2.9. Luciferase vector transduction

HGC27 cells were stably transduced with luciferase‐encoding lentiviral overexpression vectors according to the manufacturer’s protocol (Shanghai Genechem Co., Ltd). Seed 5 × 10⁴ cells in one well of six‐well plate, and then add virus mixture (500 μL complete DMEM containing virus + 500 μL complete DMEM containing polybrene) in the following day. At 3 days, change medium to complete medium and culture for 1 more day. Finally, 2 μg/mL puromycin (Sigma‐Aldrich) was added to the cells to screen for positive cells.

2.10. In vivo experiments

All animal experiments were approved by the Institutional Animal Care and Use Committee (IACUC), Zhejiang Provincial People's Hospital. All procedures were in compliance with the Guidelines for the Care and Use of Laboratory Animals (National Academies Press, Washington, DC). All experimental animals were kept under a 12 hours light/ dark cycle in an SPF animal facility at Zhejiang Academy of Medical Sciences. The Institutional Review Board of Zhejiang Academy of Medical Sciences approved all housing and surgical procedures. In our experiment, the animals used were 4‐6 weeks old female BALB/c nude mice, from the Model Animal Research Center of Nanjing University.

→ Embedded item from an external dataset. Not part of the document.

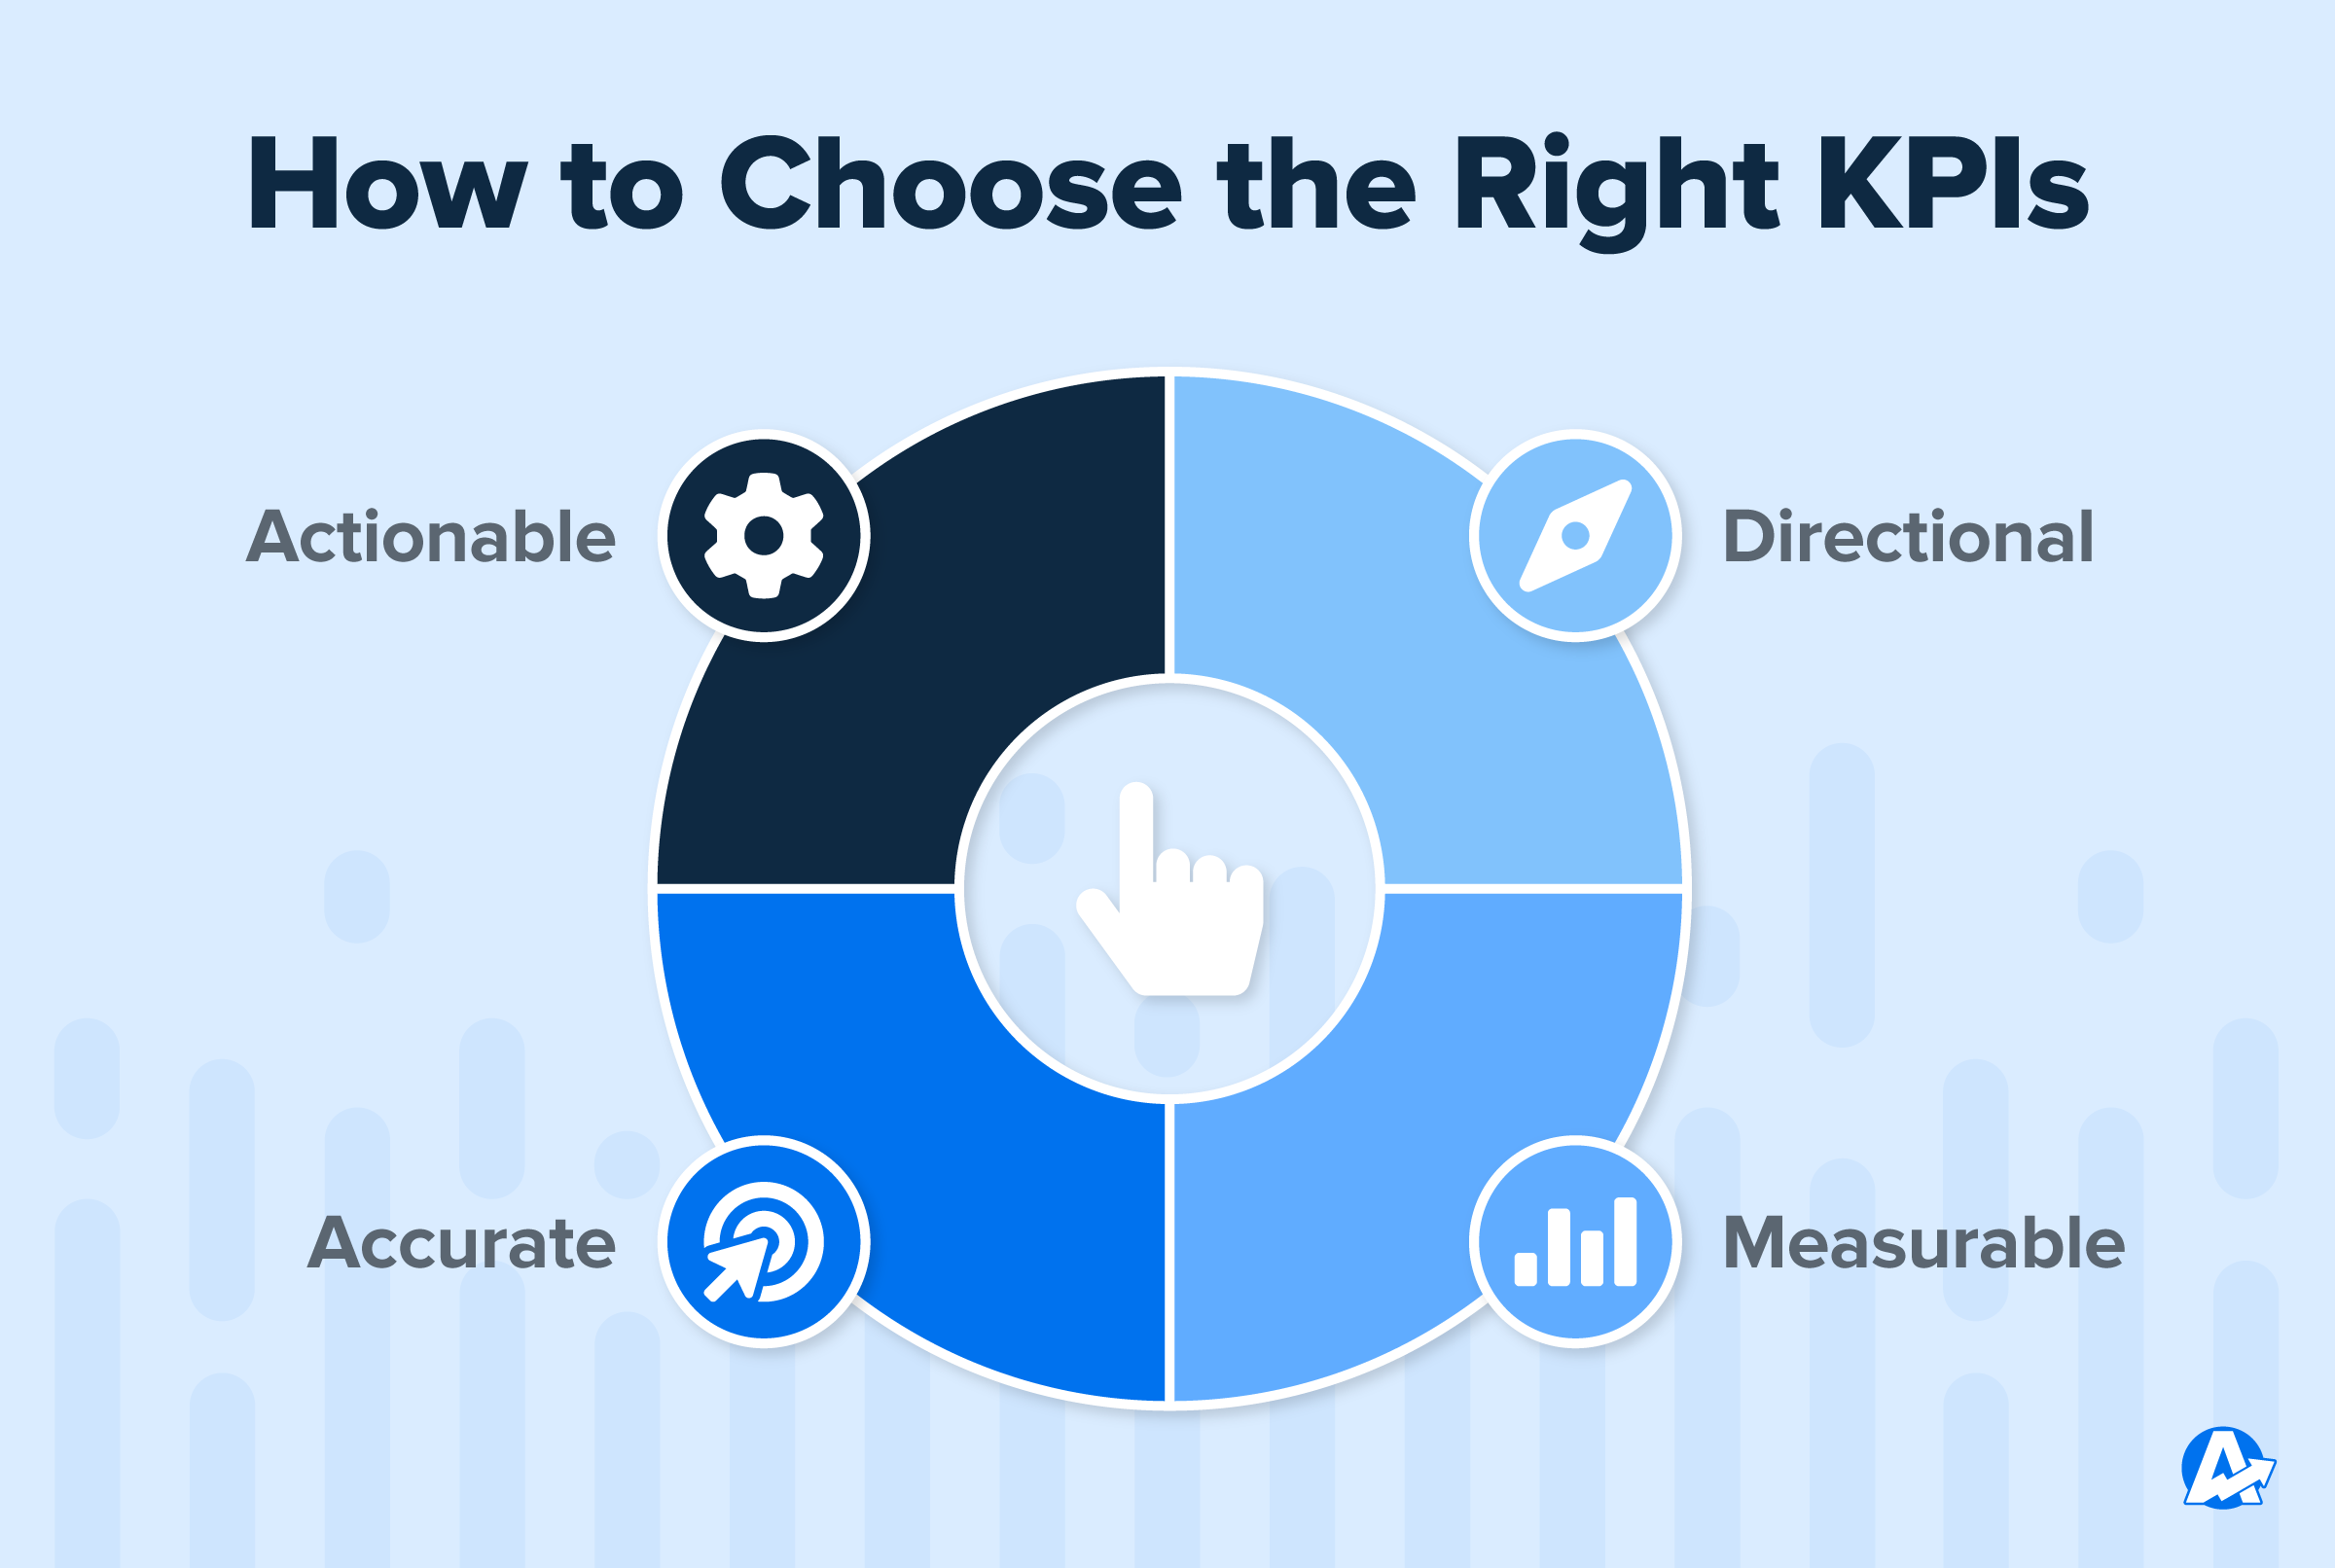 Measuring Success: KPIs and Metrics for Website Redesign

To evaluate the value of 5FU, loganetin, or its combination in the treatment of GC xenografts in vivo, MGC803 cells were subcutaneously injected (1 × 10⁶ cells/mouse) into these animals. Once xenografts were 2 mm in diameter, 5FU (100 mg/kg) was injected i.p. once weekly from day 6 to 30; in addition, loganetin (20 mg/kg) was injected i.p. five times per week from day 6 to 30. In the combination group, the two drugs were administered separately, with a time interval of 48 hours. The control group was given normal saline. Tumour volumes were determined as follows: volume (mm³) = length × width² × 0.5. On day 30, the xenografts were excised, weighed and imaged.

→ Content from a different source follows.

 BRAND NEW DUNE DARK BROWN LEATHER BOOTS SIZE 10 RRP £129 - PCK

The effects of 5FU, loganetin and the combination treatment on GC metastasis were evaluated as follows. A suspension of HGC27‐luc cells was prepared at 1 × 10⁷ cells/mL. 200 μL of the cells were injected into the tail vein of nude mice, after which 5FU (100 mg/kg) was injected intraperitoneally once a week; loganetin (20 mg/kg) was injected intraperitoneally five times per week; or, for the combination group, the two drugs were administered separately, with a time interval of 48 hours. The control group was intraperitoneally injected with the same amount of normal saline. Animal body weight was recorded every day. Two weeks later, an in vivo fluorescence imaging system was used to assess tumour growth and metastasis. On the fourth week, the livers were excised, embedded in paraffin and assessed via haematoxylin‐eosin (H&E) staining.

2.11. Statistical analyses

GraphPad Prism 5.0 (GraphPad Software) was used for all analyses. Data were shown as means ± SD. Multiple groups were compared with the LSD test by one‐way analysis of variance, while two groups were compared by unpaired Student’s t test. P < .05 was the threshold of significance.

3. RESULTS

3.1. Synergistic inhibitory effects of 5FU and loganetin on human gastric cancer cell lines

Loganetin (Figure 1A) is a natural product derived from C. officinalis. ²⁰ We found that at the same concentration, the inhibition of cell viability of loganetin (Figure 1B) on GC cells was about three times higher than that of loganin. Therefore, we focused on loganetin, investigating its potential synergy with 5FU on proliferation of human GC cell lines including HGC27 and MGC803. We found that the combination of 5FU and loganetin markedly reduced cell viability compared with either agent alone (Figure 1C,D). We further established combination index (CI) values at a range of 5FU and loganetin doses in order to gain more insight into whether these agents exhibited a synergistic effect on cancer cells by CalcuSyn. CI values <0.90 are consistent with synergy. In the present study, we found the CI values were <0.90 in both GC cell lines, indicating a synergistic function of 5FU and loganetin (Table S2). The appropriate concentrations for subsequent assays were selected based on GC cell activity and CI values.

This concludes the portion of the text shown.